━━ Extracted data ━━

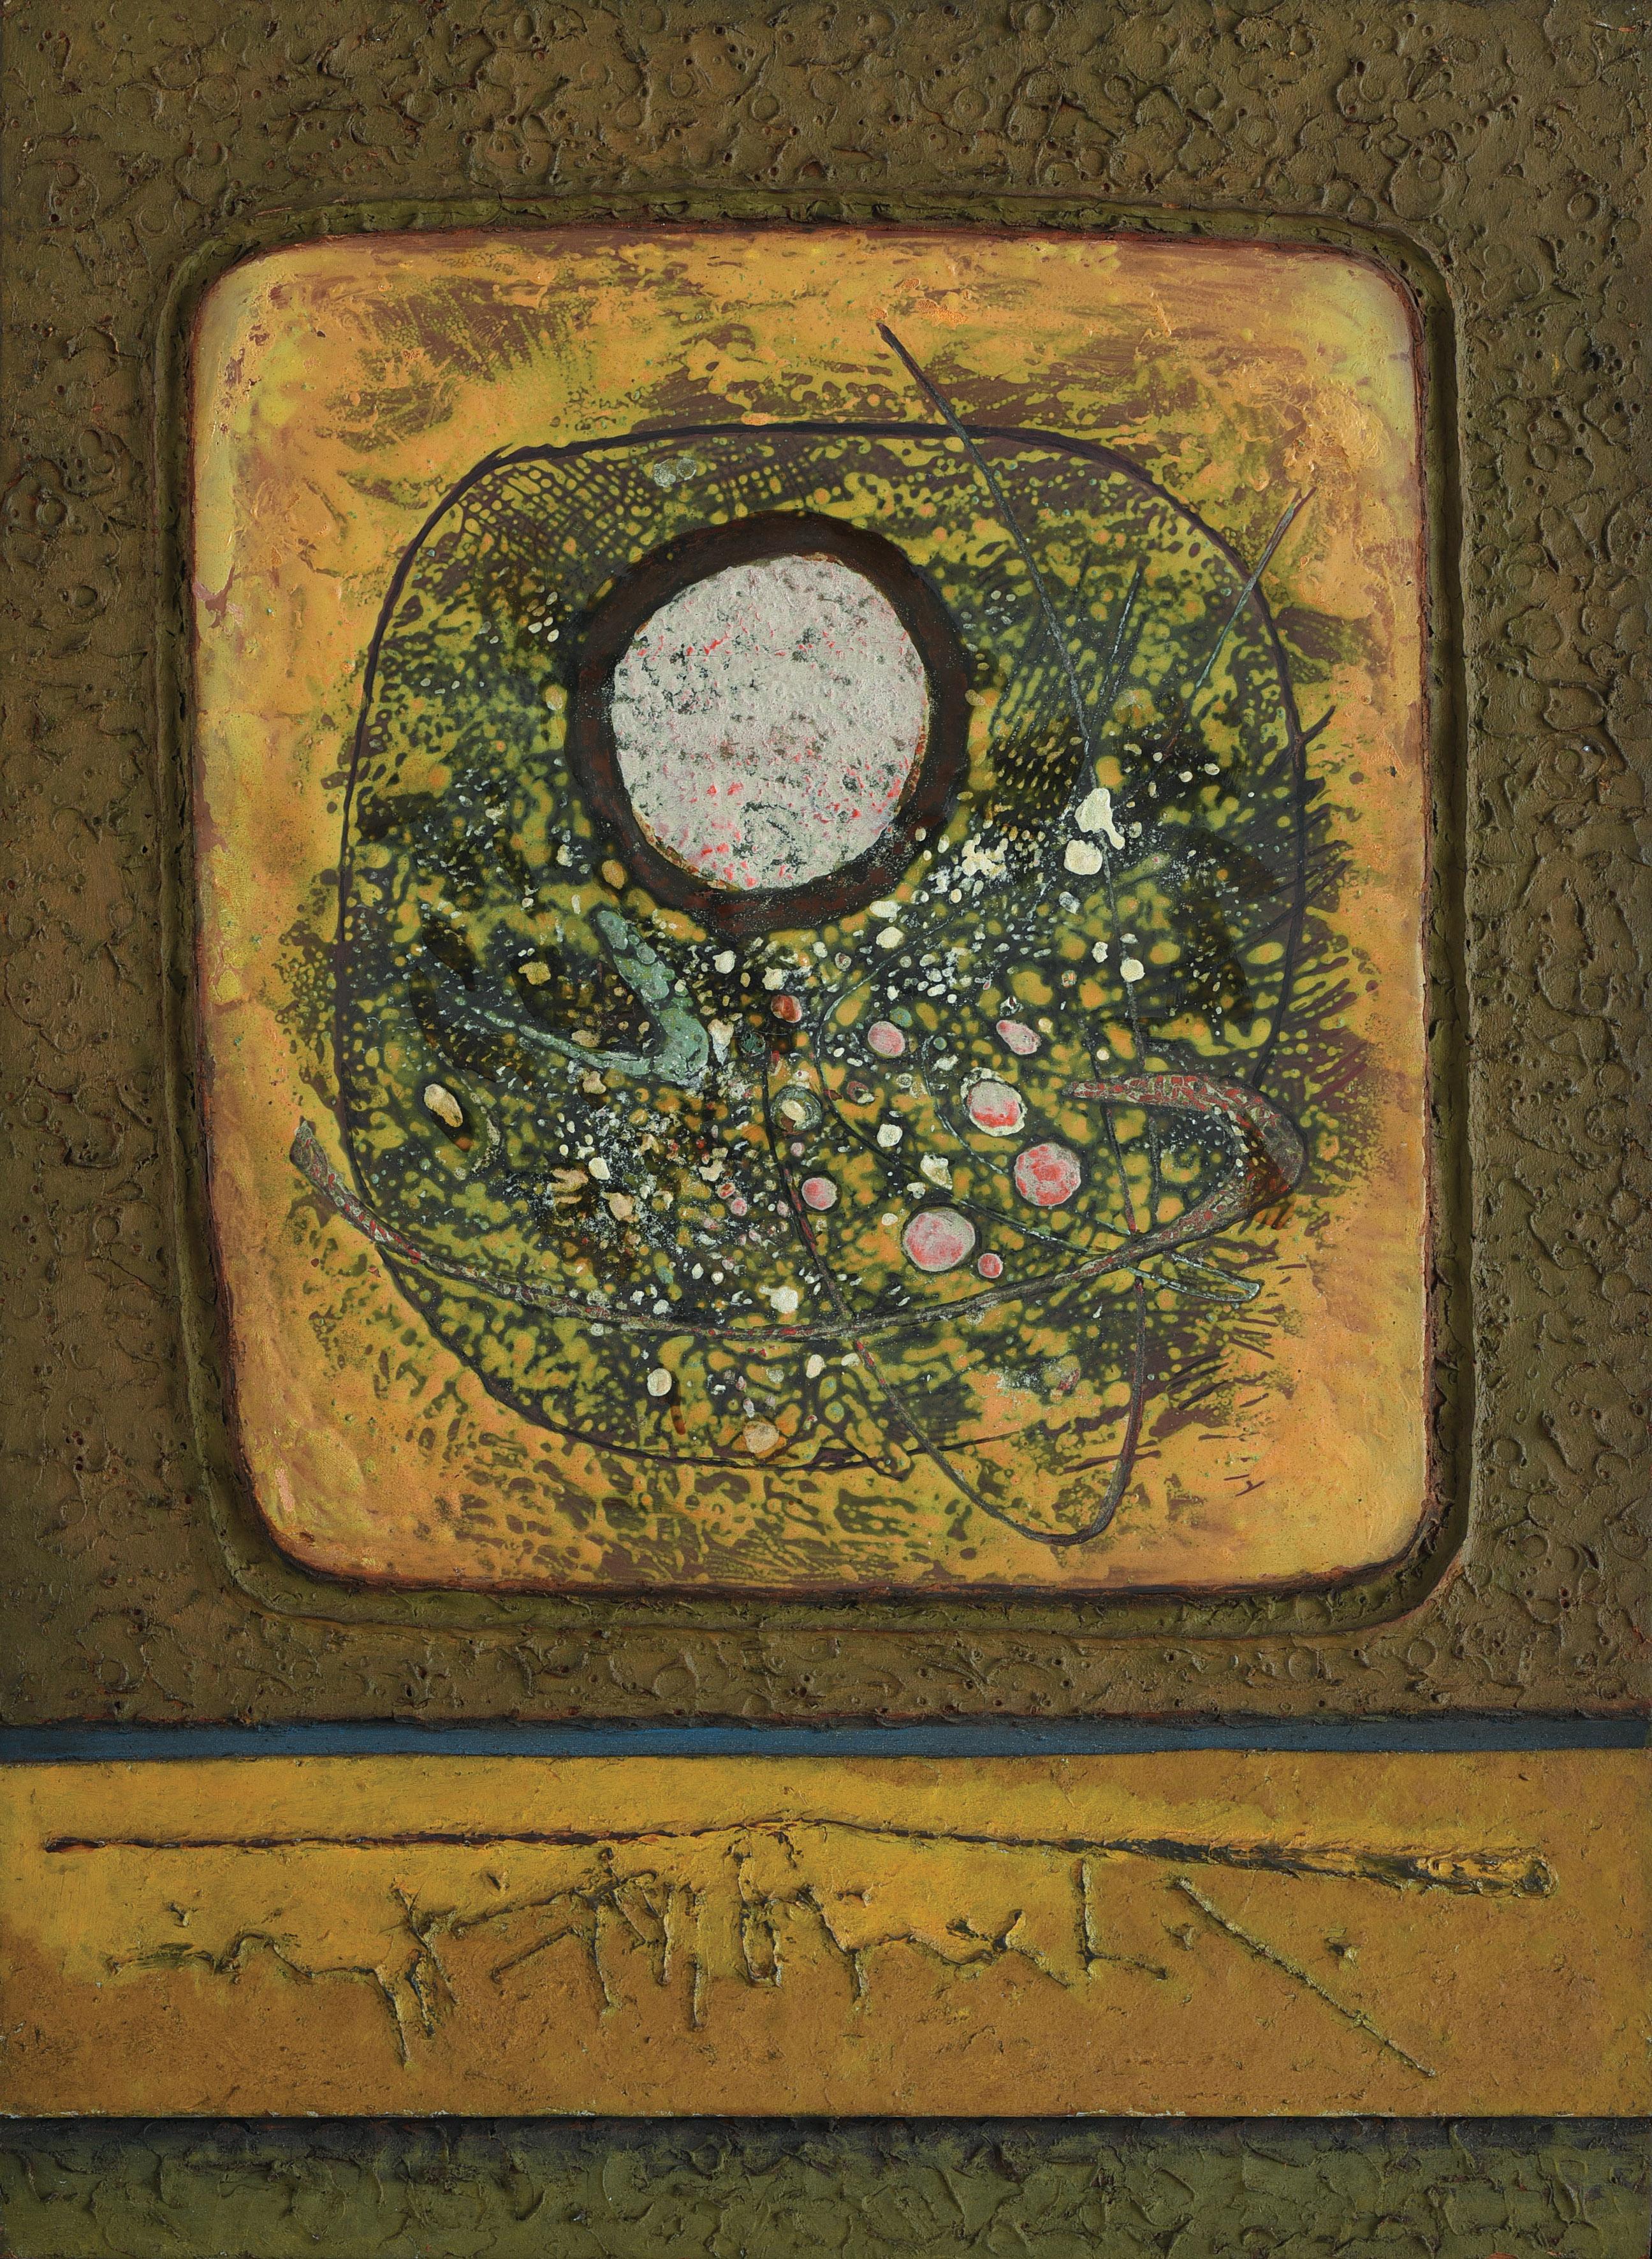 Cheong Soo Pieng, Radiance, mixed media on board, 84 x 61 cm, 1971
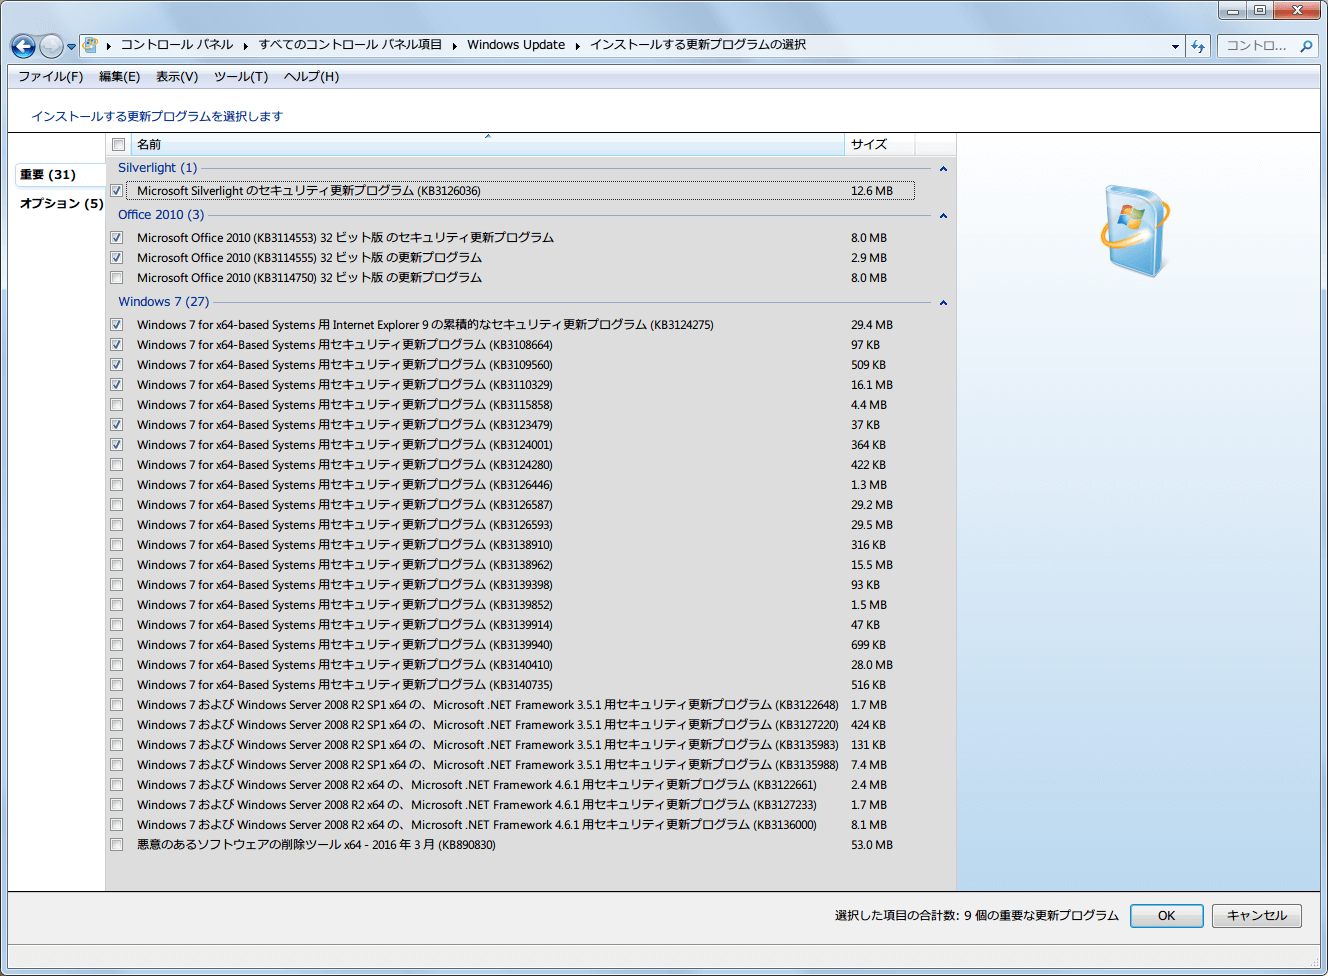 Windows 7 64bit Windows Update 重要 2016年2月分更新プログラムインストール
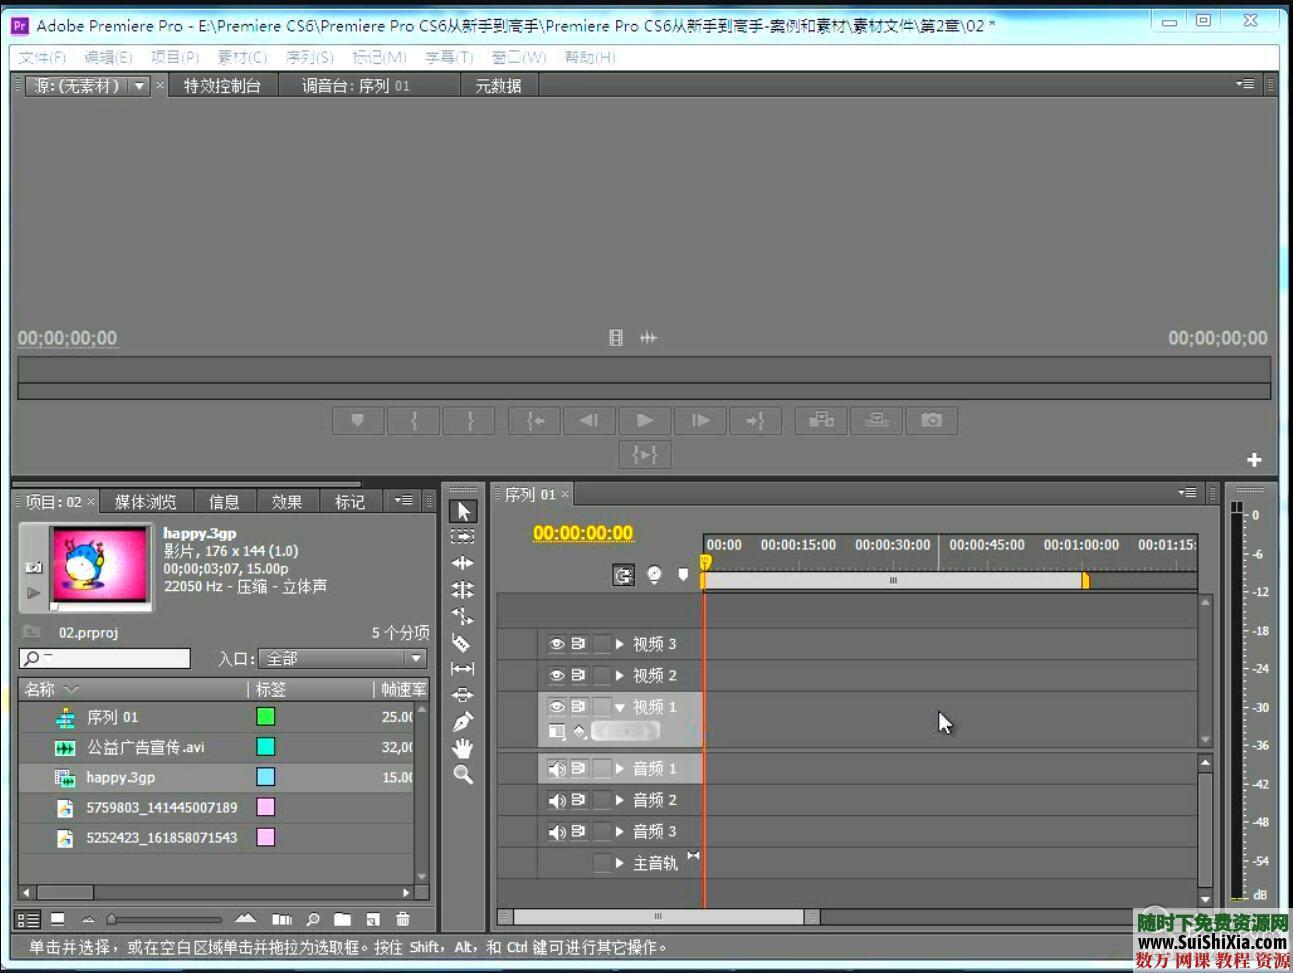 premiere pro cs6从零基础自学视频教程 第2张
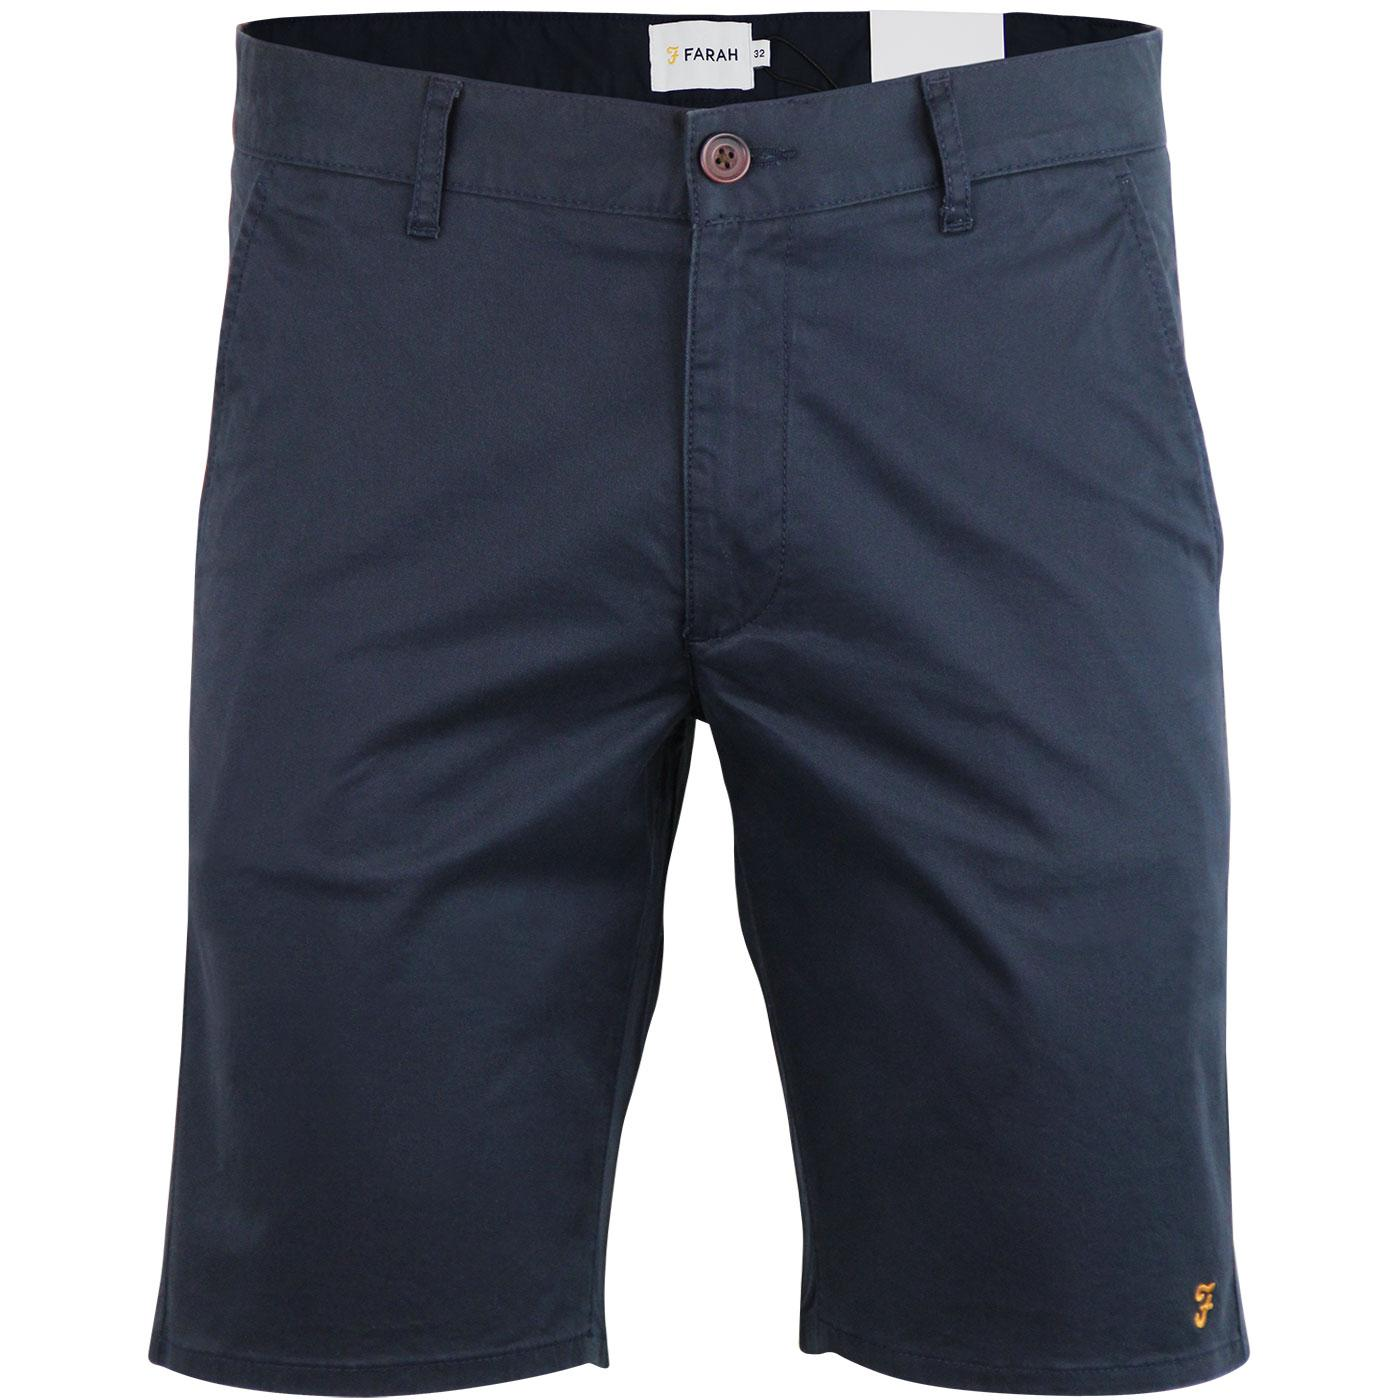 Hawk FARAH Retro Cotton Twill Chino Shorts (Navy)
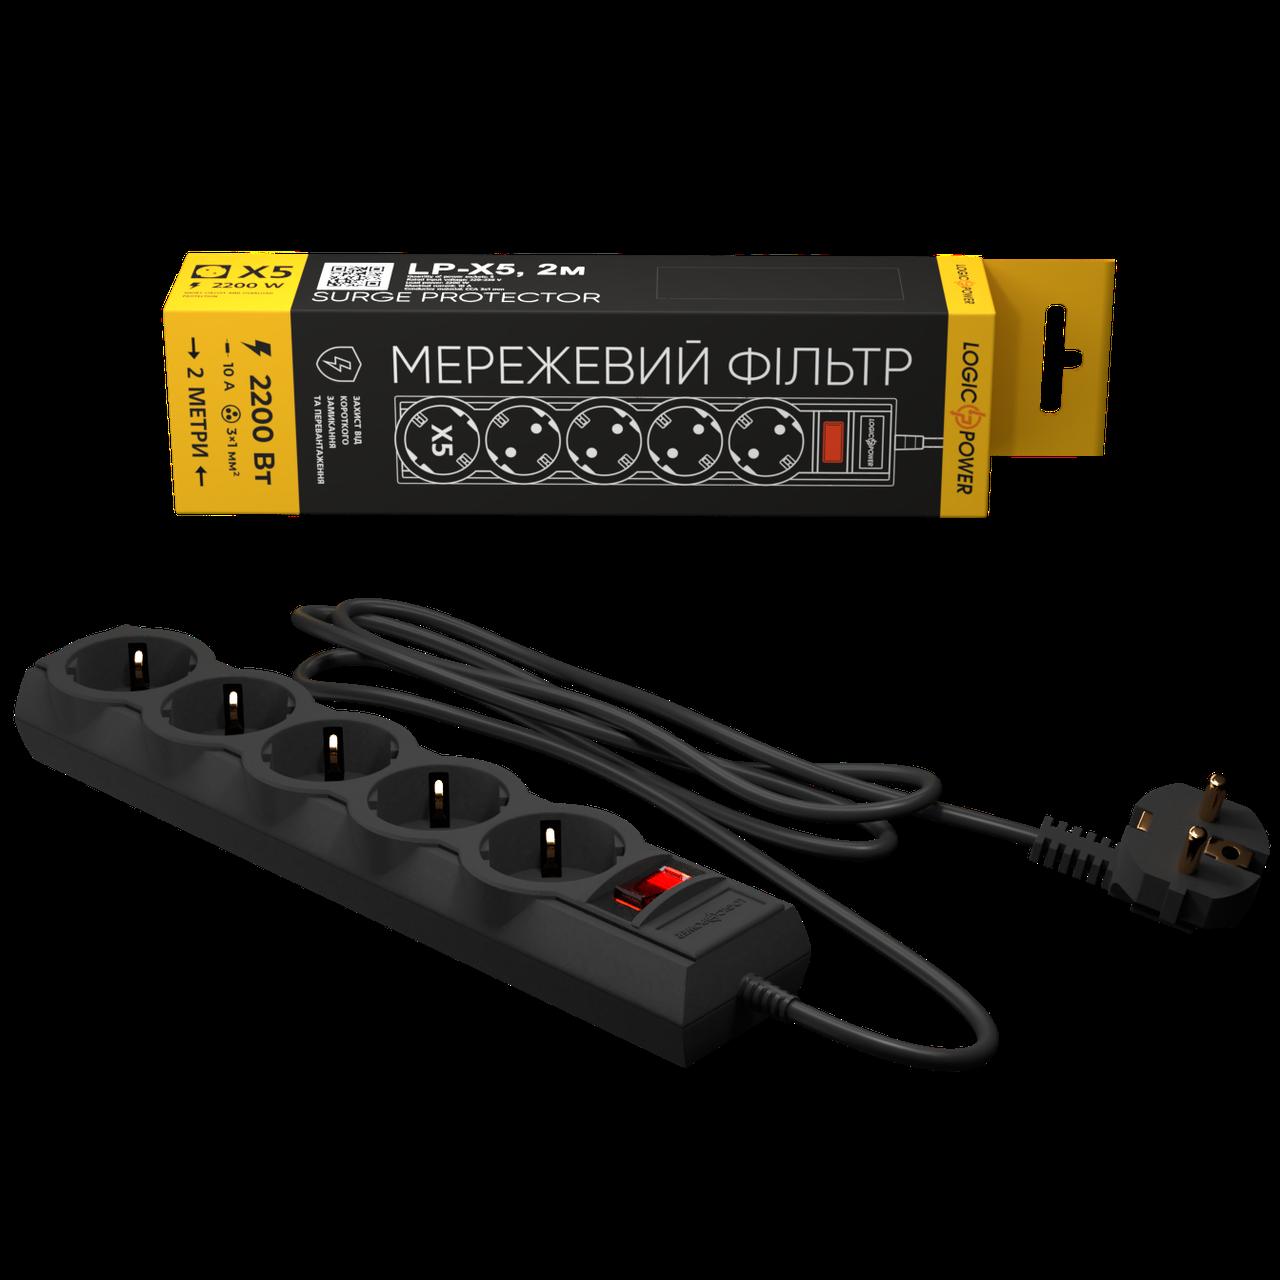 Сетевой фильтр LogicPower LP-X5 Premium, 2m, 5 розеток, 16А. black (3520Вт)

━━━

Work instruction –
Reproduce every record above word for word. Leave the pictures out.

Result of the exercise –
 Cheong Soo Pieng, Radiance, mixed media on board, 84 x 61 cm, 1971
 Windows 7 64bit Windows Update 重要 2016年2月分更新プログラムインストール
 premiere pro cs6从零基础自学视频教程 第2张
 Hawk FARAH Retro Cotton Twill Chino Shorts (Navy)
 Сетевой фильтр LogicPower LP-X5 Premium, 2m, 5 розеток, 16А. black (3520Вт)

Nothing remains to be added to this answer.